A reconstituição da carreira do funcionário concretiza-se no cumprimento tardio dos deveres em que a Administração teria ficado constituída para com o funcionário durante o normal desenvolvimento da relação, se esta não tivesse sido perturbada pela modificação ilegalmente introduzida pelo acto anulado.

Neste plano, a Administração deve adoptar os actos e medidas que omitiu durante o período de tempo em que o acto anulado produziu efeitos e cuja adopção a definição emergente da sentença exija.»

Como se explica no Acórdão do Supremo Tribunal Administrativo de 02 de Abril de 2008, relativo ao processo 0698/05 «A reconstituição da situação actual hipotética é o modo de ressarcir o lesado com a prática de actos administrativos ilícitos. Essa reconstituição corresponde, no essencial, à reparação do dano sofrido com o acto ilícito. Por isso no cômputo do dano devemos ter em conta não só a teoria da diferença (hoje consagrada no art. 566º do C. Civil: a indemnização tem como media a diferença entre a situação patrimonial do lesado, na data mais recente que puder ser atendida pelo tribunal, e a que teria nessa data se não existissem danos), mas ainda o relevo do contributo do lesado na configuração do dano ou na sua real dimensão (art. 570º do C. Civil).

Esta forma de delimitar o dano já era dominante, entre nós, antes do Código Civil de 1966 – cfr. MANUEL DE ANDRADE, Teoria Geral das Obrigações, Coimbra, 1963, pág. 350. PEREIRA COELHO, O Problema da Causa Virtual na Responsabilidade Civil, pág. 264, que entre os diversos sentidos da teoria da diferença considerava melhor, o «sentido segundo qual a diferença em que o dano a indemnizar se traduz e a diferença entre a situação real e a situação hipotética actual do património do lesado». Foi com este sentido que, no Direito Administrativo, se definiu o conteúdo do dever de executar as decisões judiciais anulatórias dos actos administrativos: «o dever de reconstituir a situação que actualmente existiria se o acto ilegal não tivesse sido praticado. É o que se chama a reconstituição da situação actual hipotética» – FREITAS DO AMARAL, Direito Administrativo, IV, Lisboa, 1988, pág 236. Em sentido idêntico VIEIRA DE ANDRADE, A Justiça Administrativa (Lições), 3ª Edição, pág. 289. Trata-se, como referem os autores, de um efeito «reconstitutivo ou reconstrutivo» da sentença, que corresponde – bem vistas as coisa – à reparação do dano causado pela ilicitude do acto. O art. 570º do C. Civil tem pois plena aplicação, pois está em causa a «reparação dos danos causados por um facto ilícito.»

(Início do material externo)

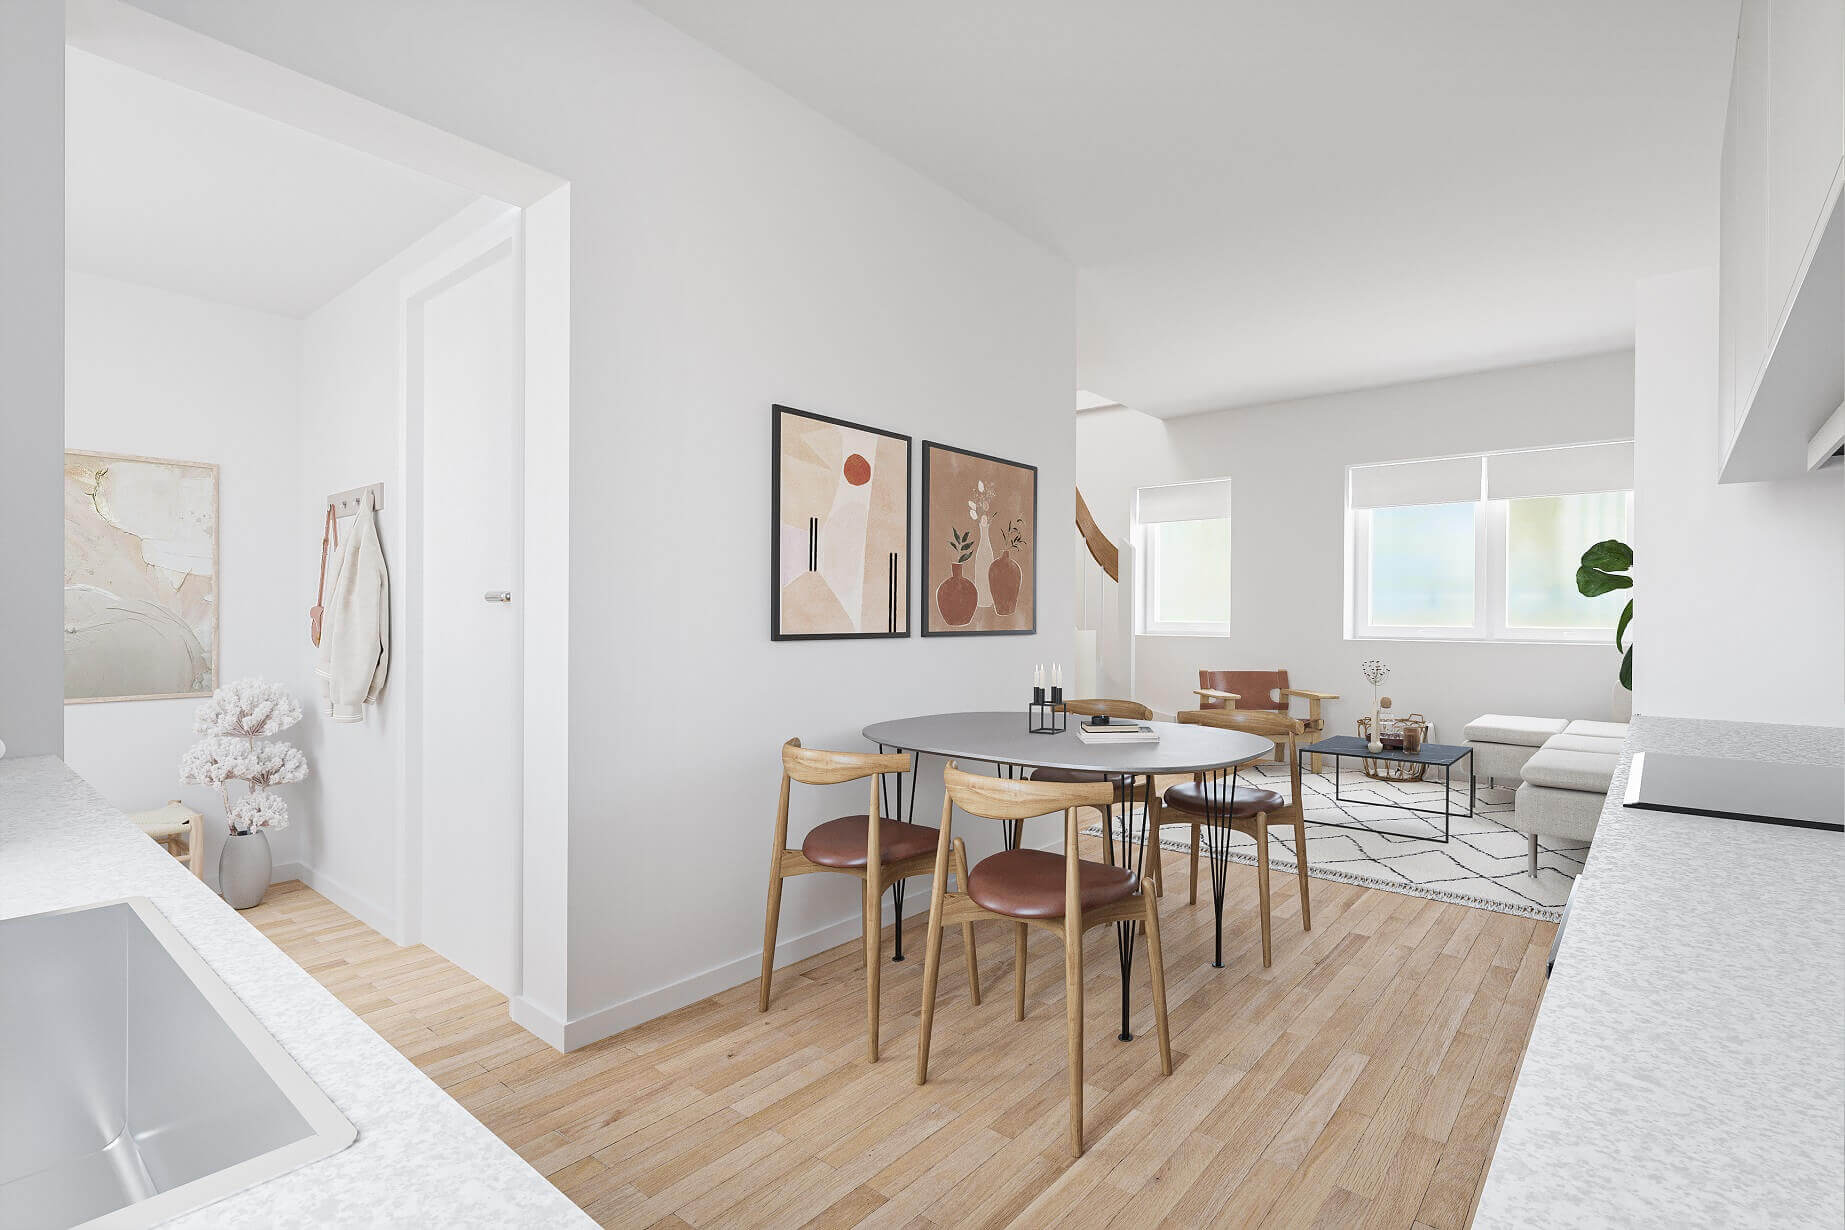 Humlebo Gruppen udlejer helt nye 2-værelses lejligheder på hjørnet af Kochsgade og Damhusvej i Odense
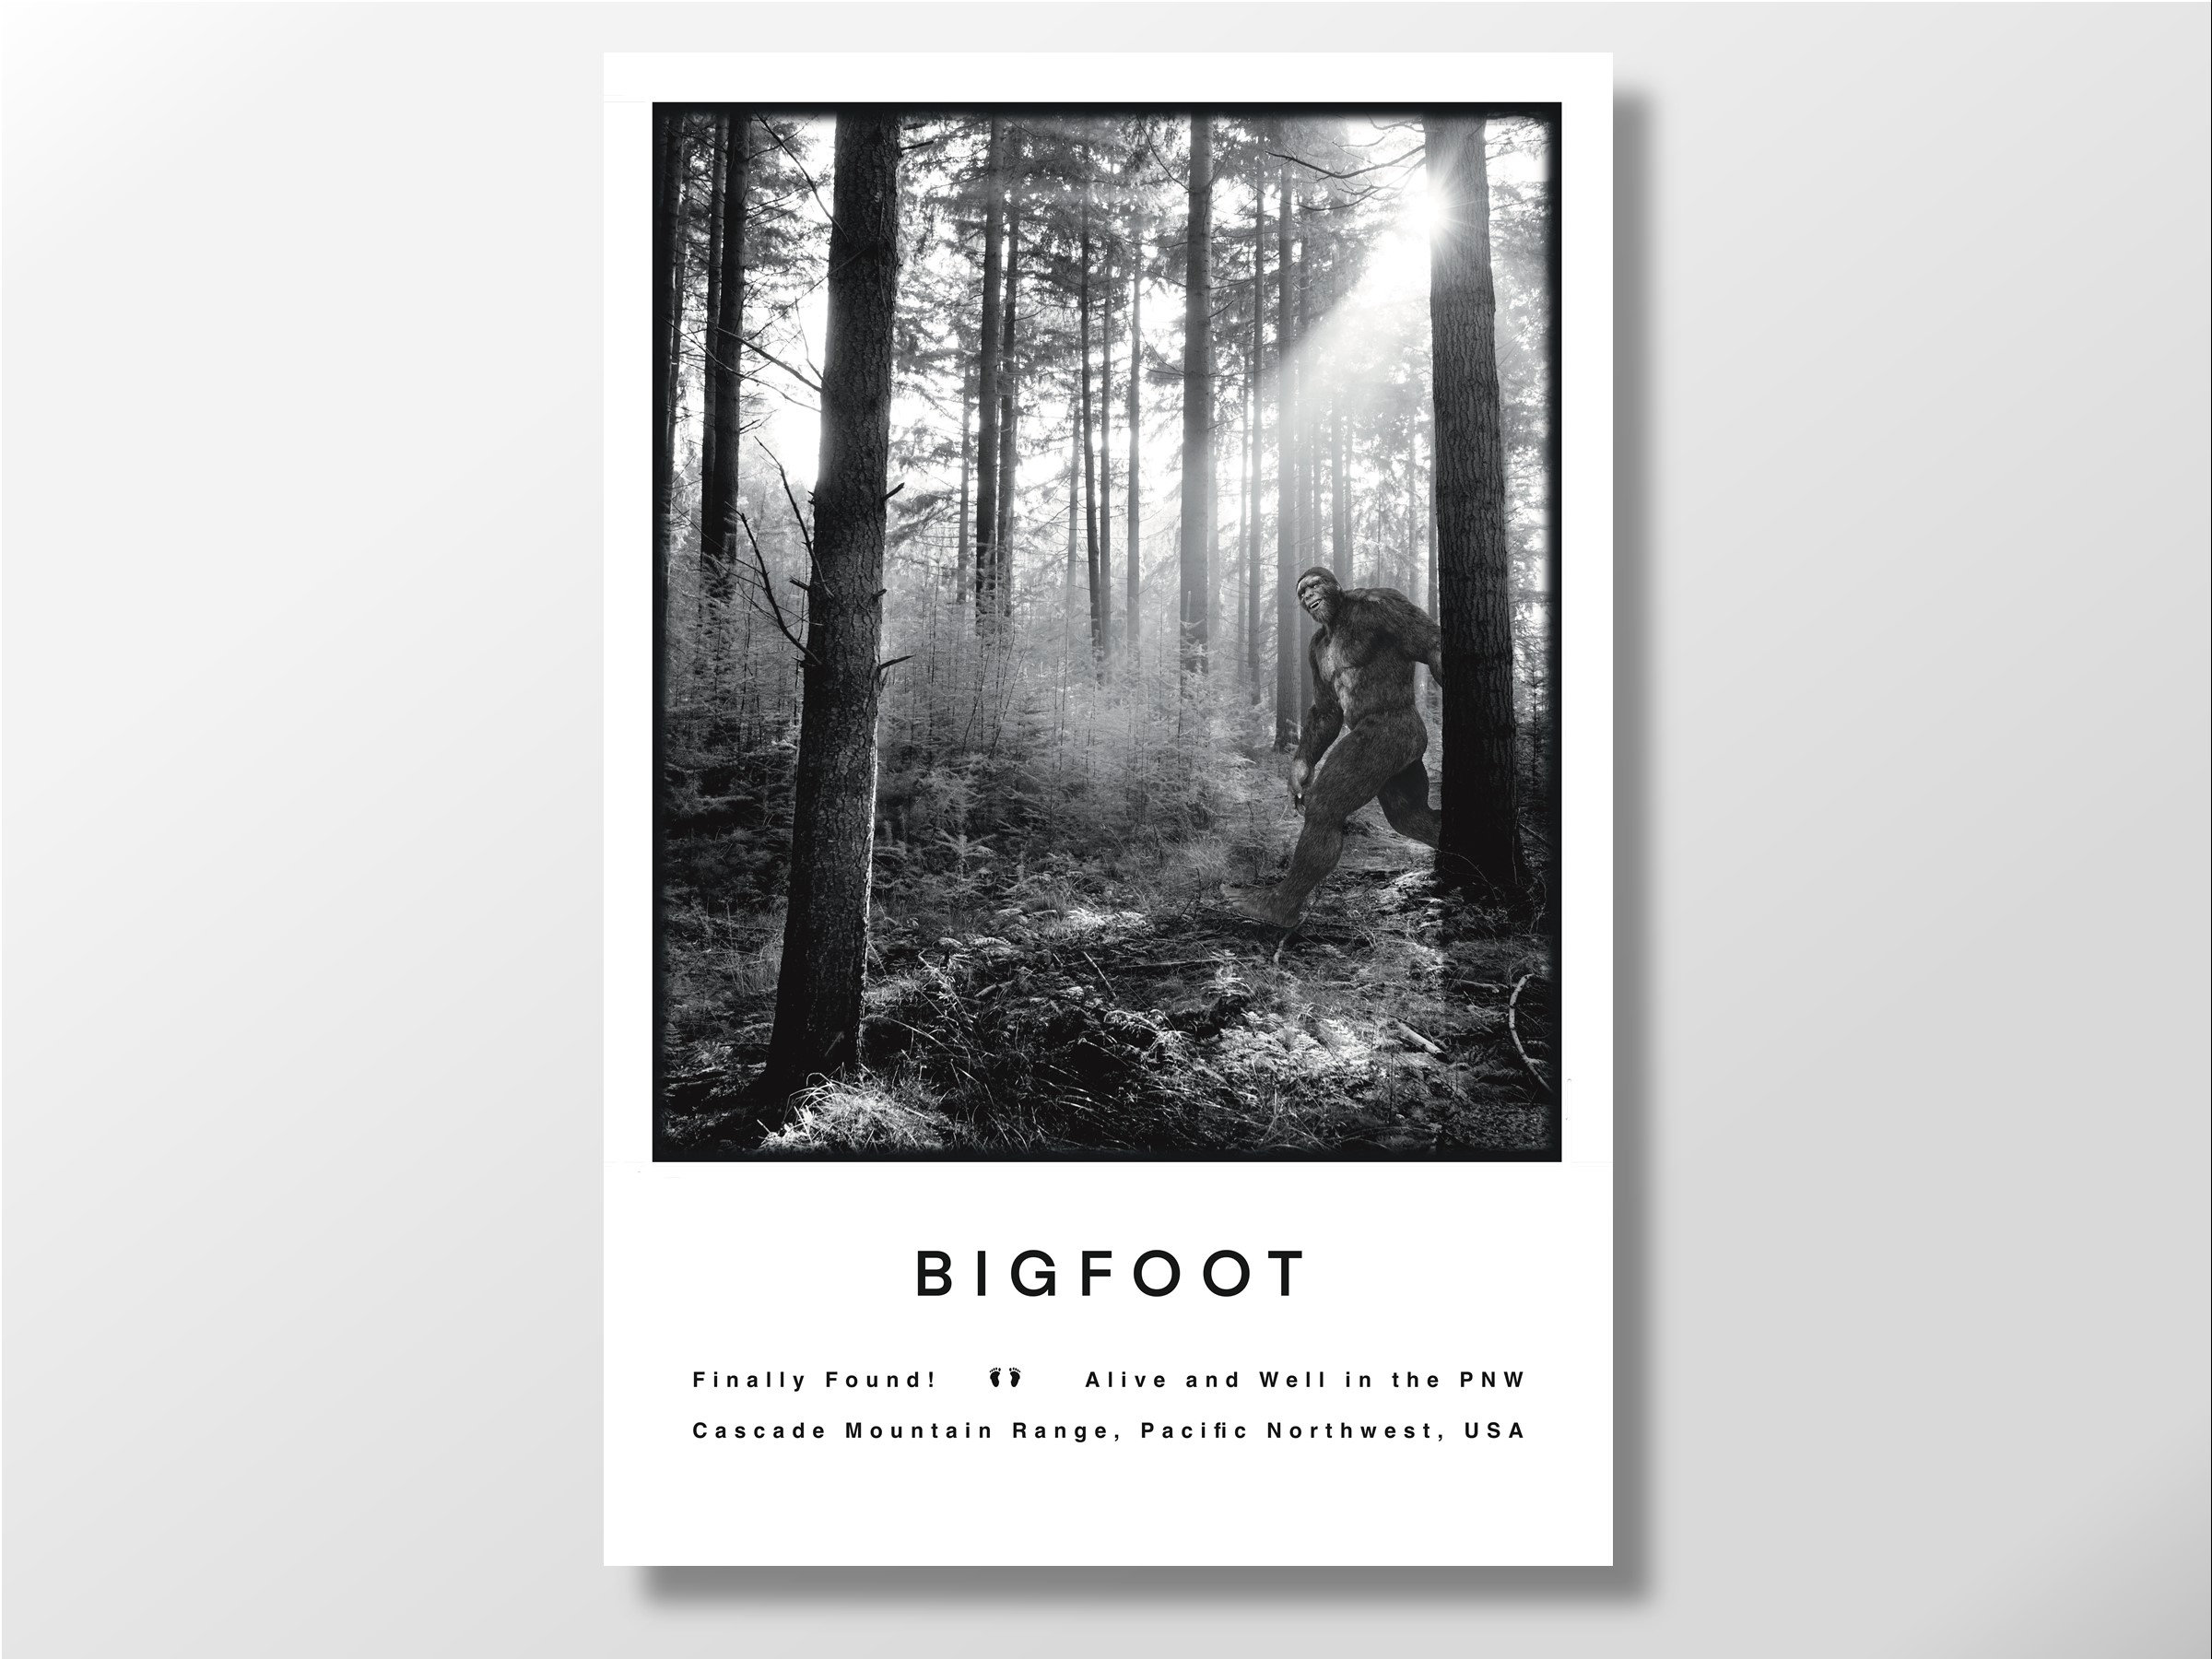 Um pôster de um jogo de bigfoot chamado bigfoot.

Como se decidiu no Acórdão do Supremo Tribunal Administrativo de 02 de Julho de 2002, relativo ao processo 0347/02 : «O direito ao recebimento de remunerações na função pública corresponde em geral, à contraprestação devida pelo serviço efectivo desempenhado. Na falta de norma específica que permita que o exercício de funções em comissão de serviço não exija o efectivo desempenho dessas funções, à indemnização a atribuir pela ilegal cessação de funções em comissão de serviço, deve corresponder, de acordo com a teoria da indemnização, à diferença entre as remunerações efectivamente recebidas pelo exercício de outras funções e as que corresponderiam ao exercício do cargo de que o lesado foi ilegalmente afastado (Teoria da indemnização).»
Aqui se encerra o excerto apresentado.